Take a walk on the Wild side . . .
Montessori
History of Teaching
In a Montessori classroom the child’s freedom, dignity and independence are of paramount importance to allow them to develop as individuals.
There should be a general atmosphere of children doing things for themselves carefully and competently – pouring drinks, washing hands, serving food, carrying their own chairs – and participating in activities that absorb and interest them. With all activities the emphasis is placed on the process being most important rather than the end result being perfect, for this reason the Montessori materials are self-correcting, i.e. the adult doesn’t have to point out a mistake the child can see for themselves and correct it accordingly.
The Montessori curriculum is split into five key areas.
Practical Life
These are the first activities children are introduced to when they join a Montessori nursery; the exercises are designed to help develop the child’s ability to look after themselves, others and their surroundings. Great emphasis is placed on what Montessori referred to as Grace and Courtesy, simple activities designed to equip children with good manners and safe practice within their environment, for example: how to carry a chair safely, how to interrupt a conversation courteously, how to move around the classroom safely.
Practical life exercises allow the children to grow in confidence and help them to become independent. Activities include pouring, transferring using spoons, dressing frames to learn how to fasten their own clothes to name just a few.
The Practical Life activities are split into three basic categories: Manipulative Skills, Self-Development and Care of the Environment. Manipulative skills such as pouring, opening containers, painting and art and craft, sewing, handling books and carrying delicate items are relatively simple tasks that adults commonly do for a young child often to hurry things up or to prevent accidental spillage. Self-Development includes: Grace – which describes how to move about; Courtesy – which introduces how to behave socially and personal care. Care of the Environment includes caring for plants and animals, keeping the classroom tidy etc.
Sensorial
The primary purpose of the sensorial materials is to help the child sort out the many and varied impressions given by the senses. The sensorial activities help the child do this in four ways: they are specially designed to develop, order, broaden and refine sense perception.
The sensorial materials are quite unlike anything else that the child has ever encountered in the way of playthings. Most toys are designed to be attractive to the adults who purchase them. The sensorial materials are specially designed so that children will be attracted to them.

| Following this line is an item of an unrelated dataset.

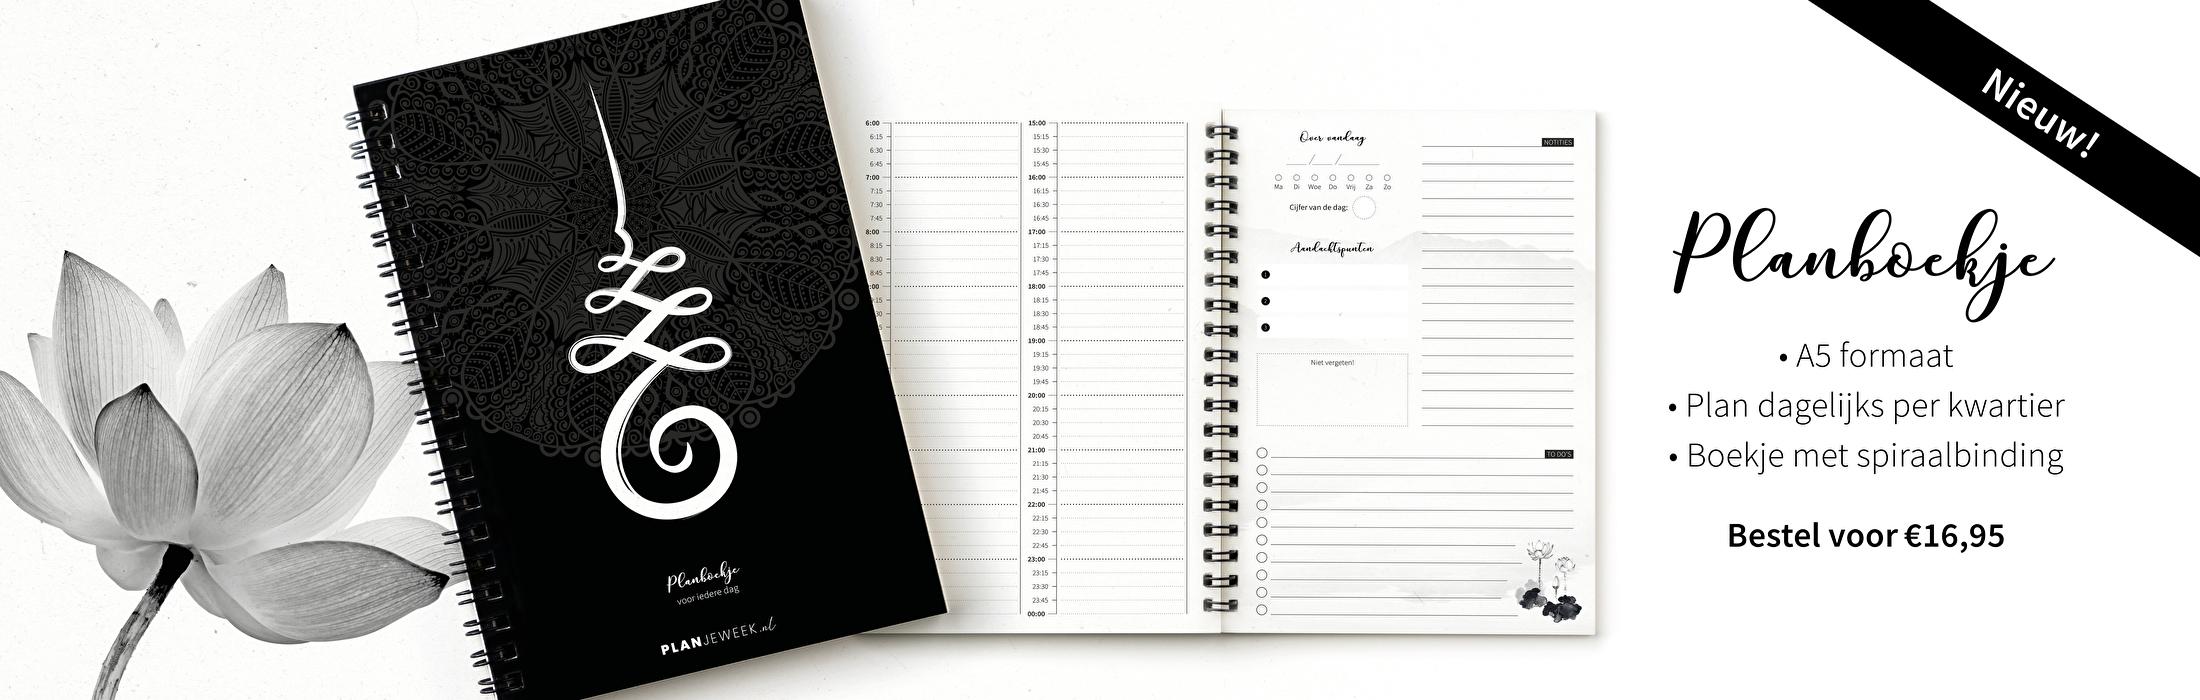 Planboekje

Maria Montessori believed that there are in fact nine senses that needed stimulation: Tactile – the sense of touch, Gustatory – the sense of taste, Auditory – the sense of hearing, Olfactory – the sense of smell, Visual – the sense of sight, Stereognostic – the sense of perceiving shape and form through the muscular and tactile senses, Thermic – the sense of temperature, Baric – the sense of weight and Chromatic – the sense of colour. There is at least one exercise specifically designed to stimulate the above senses.
Cultural
The Montessori cultural materials provide children with individual activities that gradually help them to acquire more detailed knowledge in the areas of biology, geography, history and science.
In the Montessori classroom children use globes, puzzle maps and flags to underpin activities that build their understanding of other countries, cultures and people. Children are also taught to match, classify and name the elements and species of the natural world using pictures and name cards. Classroom plant growing and caring for animals help to form a bridge between the child’s knowledge of the immediate environment and wider world.
Mathematics
Maria Montessori specifically designed her apparatus for teaching mathematical concepts so that it is more straightforward for a child to bridge the gap from concrete to abstract. They are designed not to "teach maths" but to aid the development of the mathematical mind.
Children gain physical impressions of size and quantity long before they begin to manipulate numbers by using number rods, counting out beads, counting spindles into boxes and arranging coloured counters into patterns to represent odd and even numbers.
It is important that the Mathematics Activities, like all other Montessori activities, are not a teaching syllabus to be followed at a set pace. They are instead to be experienced by the child as a very relaxed form of play – to be pursued or not as the child wishes. There should never be any pressure, no matter how subtle, to move faster or further than the child’s natural inclinations.
Language
Montessori’s language materials are based on a carefully structured phonic approach to writing and reading. Recognised for their excellence, they are used widely in many non-Montessori schools and settings where special help is required. Children learn sensorially by tracing sandpaper letters with their fingers while they are told the sounds. Soon they are writing simple words with moveable letters, matching words with objects and reading their first stories in phonic readers.